[Items listed in a dataset]
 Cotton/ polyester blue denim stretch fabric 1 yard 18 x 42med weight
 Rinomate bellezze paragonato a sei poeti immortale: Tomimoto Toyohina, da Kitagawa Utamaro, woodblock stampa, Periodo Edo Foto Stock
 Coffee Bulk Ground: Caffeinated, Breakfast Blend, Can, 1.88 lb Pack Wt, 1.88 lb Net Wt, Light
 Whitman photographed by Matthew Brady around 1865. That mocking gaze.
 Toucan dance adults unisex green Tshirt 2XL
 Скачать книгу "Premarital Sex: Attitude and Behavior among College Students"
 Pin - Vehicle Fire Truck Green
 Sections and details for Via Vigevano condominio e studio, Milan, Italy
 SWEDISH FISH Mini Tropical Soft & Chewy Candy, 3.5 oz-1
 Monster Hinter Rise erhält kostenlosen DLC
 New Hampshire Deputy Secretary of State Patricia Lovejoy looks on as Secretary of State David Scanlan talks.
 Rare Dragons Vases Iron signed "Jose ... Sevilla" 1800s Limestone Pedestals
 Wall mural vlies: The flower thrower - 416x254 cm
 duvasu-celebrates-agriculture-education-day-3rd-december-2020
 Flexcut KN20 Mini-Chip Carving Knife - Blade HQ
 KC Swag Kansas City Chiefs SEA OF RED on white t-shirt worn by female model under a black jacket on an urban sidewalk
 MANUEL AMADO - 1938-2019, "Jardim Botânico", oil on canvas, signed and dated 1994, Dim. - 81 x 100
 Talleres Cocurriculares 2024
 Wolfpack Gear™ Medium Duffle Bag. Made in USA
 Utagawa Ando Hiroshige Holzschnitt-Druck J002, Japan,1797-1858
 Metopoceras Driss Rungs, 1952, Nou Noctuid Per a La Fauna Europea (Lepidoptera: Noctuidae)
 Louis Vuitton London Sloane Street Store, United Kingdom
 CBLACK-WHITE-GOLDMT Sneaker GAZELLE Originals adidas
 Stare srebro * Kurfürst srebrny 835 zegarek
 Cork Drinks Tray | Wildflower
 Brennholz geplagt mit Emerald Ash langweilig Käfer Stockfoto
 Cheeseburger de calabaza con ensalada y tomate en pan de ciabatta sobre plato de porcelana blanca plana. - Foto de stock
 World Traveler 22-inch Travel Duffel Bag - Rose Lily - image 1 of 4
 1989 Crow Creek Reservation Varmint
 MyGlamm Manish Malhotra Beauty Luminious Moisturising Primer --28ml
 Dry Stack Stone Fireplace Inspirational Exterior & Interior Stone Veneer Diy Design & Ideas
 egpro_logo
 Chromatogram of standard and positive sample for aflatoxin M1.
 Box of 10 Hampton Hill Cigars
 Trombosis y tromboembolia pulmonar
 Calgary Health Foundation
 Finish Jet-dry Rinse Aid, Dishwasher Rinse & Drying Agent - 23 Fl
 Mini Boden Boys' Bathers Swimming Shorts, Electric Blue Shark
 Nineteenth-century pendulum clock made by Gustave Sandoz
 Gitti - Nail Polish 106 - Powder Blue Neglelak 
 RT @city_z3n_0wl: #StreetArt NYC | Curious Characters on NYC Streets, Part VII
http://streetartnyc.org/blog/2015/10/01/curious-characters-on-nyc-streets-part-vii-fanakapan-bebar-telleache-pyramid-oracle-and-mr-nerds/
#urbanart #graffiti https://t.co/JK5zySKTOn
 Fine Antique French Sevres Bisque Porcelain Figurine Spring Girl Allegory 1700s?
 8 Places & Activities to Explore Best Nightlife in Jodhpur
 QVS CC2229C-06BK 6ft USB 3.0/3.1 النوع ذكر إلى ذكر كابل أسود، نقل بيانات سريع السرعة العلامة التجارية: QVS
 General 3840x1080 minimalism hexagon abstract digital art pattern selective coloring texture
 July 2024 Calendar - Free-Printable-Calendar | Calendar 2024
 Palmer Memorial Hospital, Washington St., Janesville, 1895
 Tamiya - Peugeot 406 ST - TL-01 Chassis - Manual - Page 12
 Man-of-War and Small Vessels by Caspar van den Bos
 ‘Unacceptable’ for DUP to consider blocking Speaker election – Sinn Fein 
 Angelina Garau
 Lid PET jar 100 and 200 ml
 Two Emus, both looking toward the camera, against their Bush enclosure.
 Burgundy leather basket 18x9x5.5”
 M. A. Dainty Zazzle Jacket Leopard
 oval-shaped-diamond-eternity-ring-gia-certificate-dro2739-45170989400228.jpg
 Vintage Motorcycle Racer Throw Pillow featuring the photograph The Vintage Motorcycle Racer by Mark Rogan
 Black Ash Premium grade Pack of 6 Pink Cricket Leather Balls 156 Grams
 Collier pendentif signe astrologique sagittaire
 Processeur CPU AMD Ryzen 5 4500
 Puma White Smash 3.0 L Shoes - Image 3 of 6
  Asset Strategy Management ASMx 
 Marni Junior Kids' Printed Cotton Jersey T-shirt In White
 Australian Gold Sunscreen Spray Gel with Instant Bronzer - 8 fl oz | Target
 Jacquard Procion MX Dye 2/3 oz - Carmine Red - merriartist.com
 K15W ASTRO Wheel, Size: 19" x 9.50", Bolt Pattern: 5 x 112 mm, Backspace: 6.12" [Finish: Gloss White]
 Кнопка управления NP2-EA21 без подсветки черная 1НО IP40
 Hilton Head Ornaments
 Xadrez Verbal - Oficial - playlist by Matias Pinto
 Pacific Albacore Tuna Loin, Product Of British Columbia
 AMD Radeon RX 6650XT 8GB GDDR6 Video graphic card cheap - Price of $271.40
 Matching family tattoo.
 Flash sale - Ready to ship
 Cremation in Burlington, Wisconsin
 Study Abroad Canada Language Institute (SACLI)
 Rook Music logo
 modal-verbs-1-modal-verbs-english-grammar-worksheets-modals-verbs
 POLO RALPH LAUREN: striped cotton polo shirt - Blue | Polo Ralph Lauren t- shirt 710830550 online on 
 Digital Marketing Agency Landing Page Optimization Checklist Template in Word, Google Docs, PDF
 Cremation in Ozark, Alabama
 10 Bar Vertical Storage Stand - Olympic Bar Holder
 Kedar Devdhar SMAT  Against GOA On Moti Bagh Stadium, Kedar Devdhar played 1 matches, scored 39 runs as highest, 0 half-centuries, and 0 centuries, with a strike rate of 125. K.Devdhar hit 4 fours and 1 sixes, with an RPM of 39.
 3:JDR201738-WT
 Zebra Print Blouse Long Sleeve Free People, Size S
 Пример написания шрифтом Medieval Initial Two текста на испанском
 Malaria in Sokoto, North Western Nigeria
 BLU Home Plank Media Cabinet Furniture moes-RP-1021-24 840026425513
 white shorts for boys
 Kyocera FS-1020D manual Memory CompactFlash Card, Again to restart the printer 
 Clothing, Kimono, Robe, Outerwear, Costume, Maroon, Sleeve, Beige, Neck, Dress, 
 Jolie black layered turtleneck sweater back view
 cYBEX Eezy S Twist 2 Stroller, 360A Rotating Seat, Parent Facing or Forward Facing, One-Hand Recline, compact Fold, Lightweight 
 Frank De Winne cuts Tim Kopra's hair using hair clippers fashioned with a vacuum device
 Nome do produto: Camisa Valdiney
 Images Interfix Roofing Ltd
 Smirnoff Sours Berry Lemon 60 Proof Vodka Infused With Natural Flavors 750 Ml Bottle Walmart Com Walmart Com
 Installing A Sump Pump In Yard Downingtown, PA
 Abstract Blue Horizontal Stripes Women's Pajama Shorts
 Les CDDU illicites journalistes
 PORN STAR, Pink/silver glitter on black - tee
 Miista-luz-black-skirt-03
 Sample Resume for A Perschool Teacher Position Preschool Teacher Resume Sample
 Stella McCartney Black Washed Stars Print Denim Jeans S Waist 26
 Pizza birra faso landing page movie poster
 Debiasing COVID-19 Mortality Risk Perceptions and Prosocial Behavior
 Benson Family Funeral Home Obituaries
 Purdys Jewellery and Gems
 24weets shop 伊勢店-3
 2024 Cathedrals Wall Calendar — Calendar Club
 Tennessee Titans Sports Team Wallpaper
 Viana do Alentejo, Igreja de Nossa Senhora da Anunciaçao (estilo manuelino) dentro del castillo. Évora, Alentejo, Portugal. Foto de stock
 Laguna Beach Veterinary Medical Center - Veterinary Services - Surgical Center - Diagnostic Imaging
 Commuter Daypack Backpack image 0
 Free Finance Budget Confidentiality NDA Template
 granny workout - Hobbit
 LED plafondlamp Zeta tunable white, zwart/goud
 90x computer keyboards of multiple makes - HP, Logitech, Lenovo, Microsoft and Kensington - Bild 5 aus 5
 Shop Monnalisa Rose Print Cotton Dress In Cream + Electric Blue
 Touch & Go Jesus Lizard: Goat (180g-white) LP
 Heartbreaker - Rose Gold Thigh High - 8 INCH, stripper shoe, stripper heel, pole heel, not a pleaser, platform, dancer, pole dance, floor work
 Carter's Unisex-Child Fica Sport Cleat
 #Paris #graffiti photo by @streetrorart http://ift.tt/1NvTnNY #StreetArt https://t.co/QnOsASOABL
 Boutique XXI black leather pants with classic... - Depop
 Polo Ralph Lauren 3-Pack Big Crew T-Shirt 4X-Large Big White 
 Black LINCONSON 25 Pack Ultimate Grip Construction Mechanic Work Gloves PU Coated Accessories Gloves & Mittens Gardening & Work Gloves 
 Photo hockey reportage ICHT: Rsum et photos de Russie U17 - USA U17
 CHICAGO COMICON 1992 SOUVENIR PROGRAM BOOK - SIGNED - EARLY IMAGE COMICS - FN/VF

## REQUIRED ACTION
The expected answer is every line in the data above that carries the string "Free".

## WORKED SOLUTION
 July 2024 Calendar - Free-Printable-Calendar | Calendar 2024
 Zebra Print Blouse Long Sleeve Free People, Size S
 Free Finance Budget Confidentiality NDA Template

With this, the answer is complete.